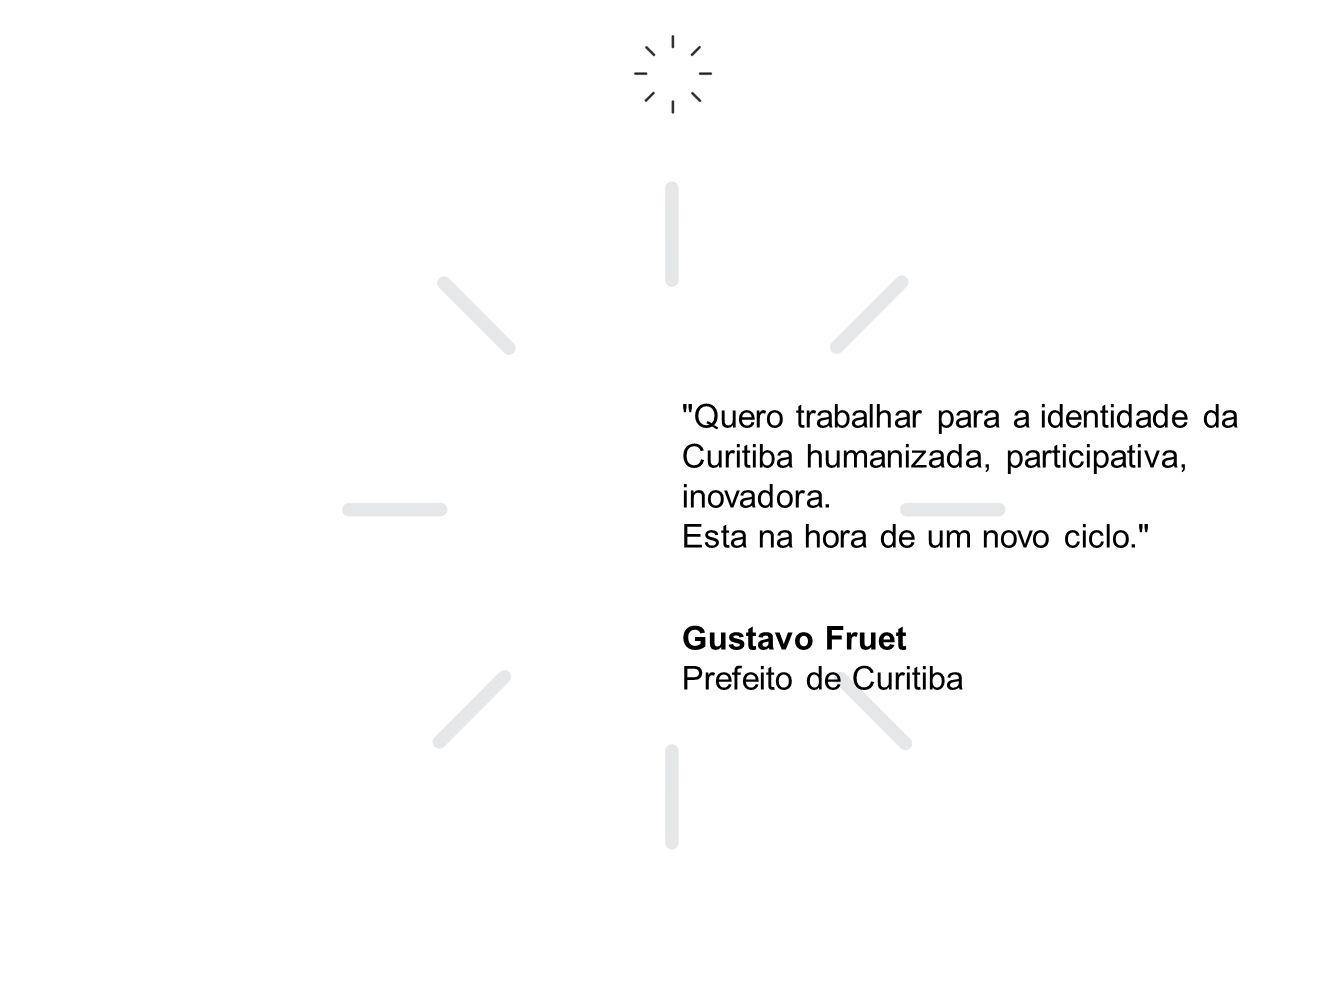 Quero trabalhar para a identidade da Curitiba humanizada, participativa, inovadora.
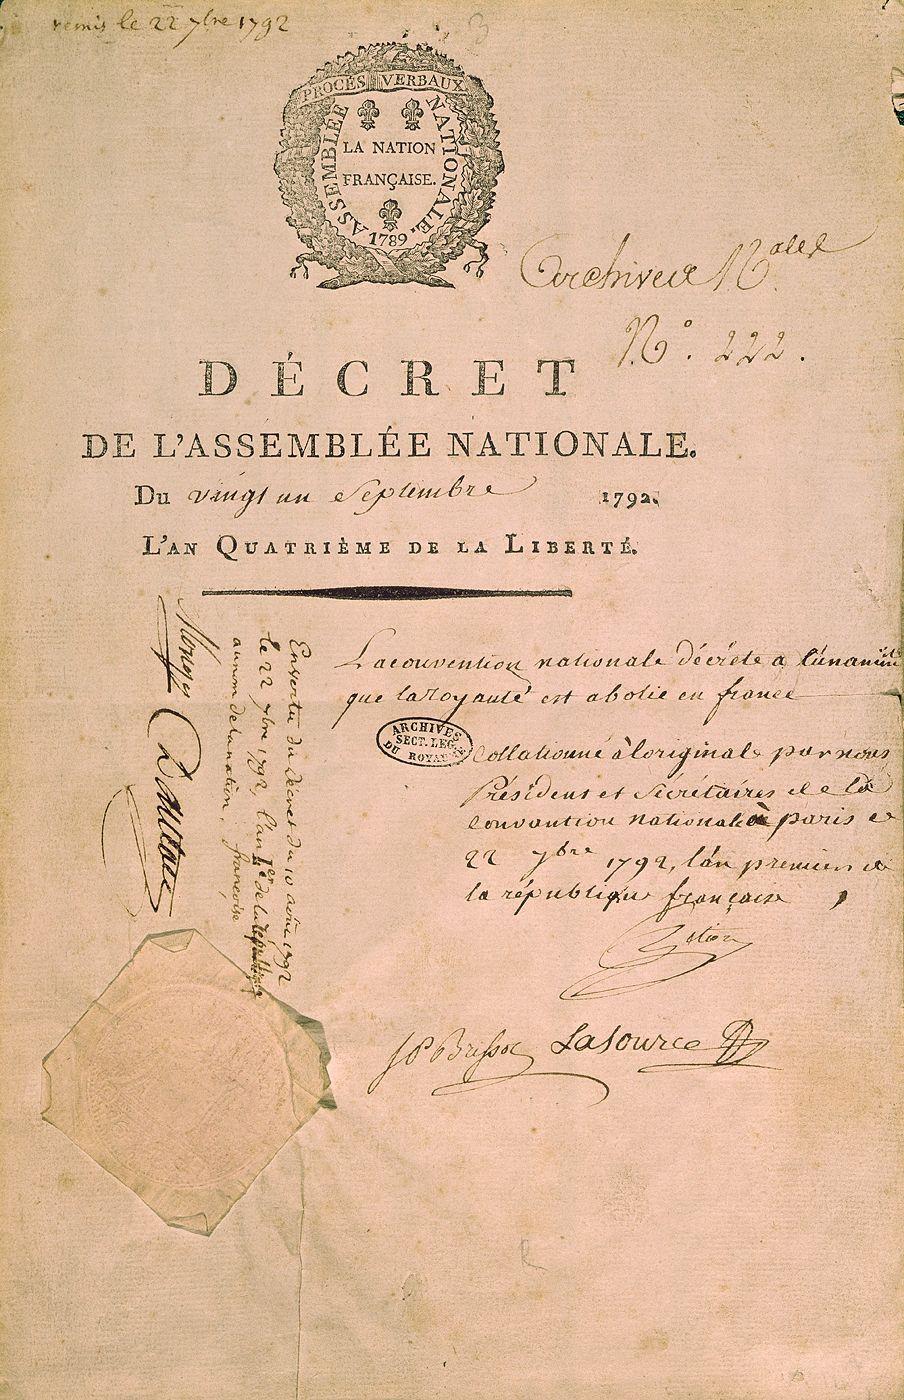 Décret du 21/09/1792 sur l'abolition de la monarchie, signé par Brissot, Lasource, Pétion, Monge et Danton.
...
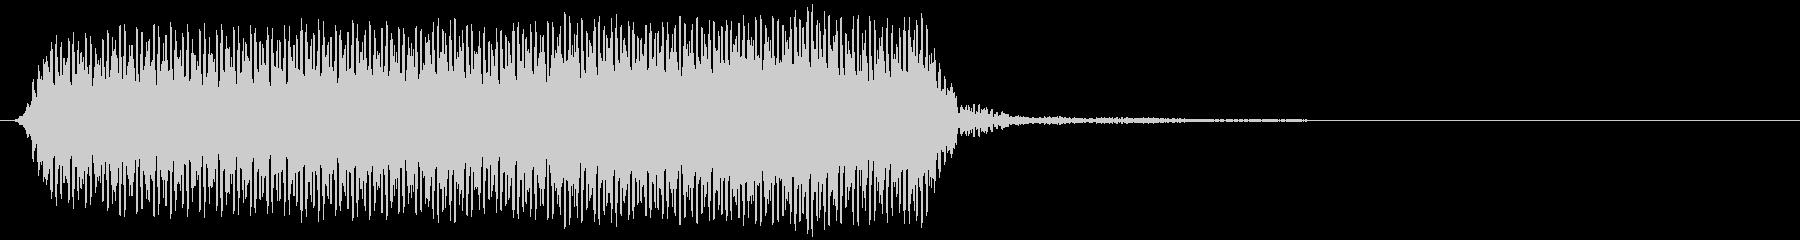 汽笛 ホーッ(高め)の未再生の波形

◆ **REQUIREMENT**
Once the line with "Quero trabalhar para" is found above, transcribe each line from it through the line with "Décret du 21/09/1792", exactly, and omit the pictures.

◆ **SOLUTION BELOW**
 Quero trabalhar para a identidade da Curitiba humanizada, participativa, inovadora.
 Décret du 21/09/1792 sur l'abolition de la monarchie, signé par Brissot, Lasource, Pétion, Monge et Danton.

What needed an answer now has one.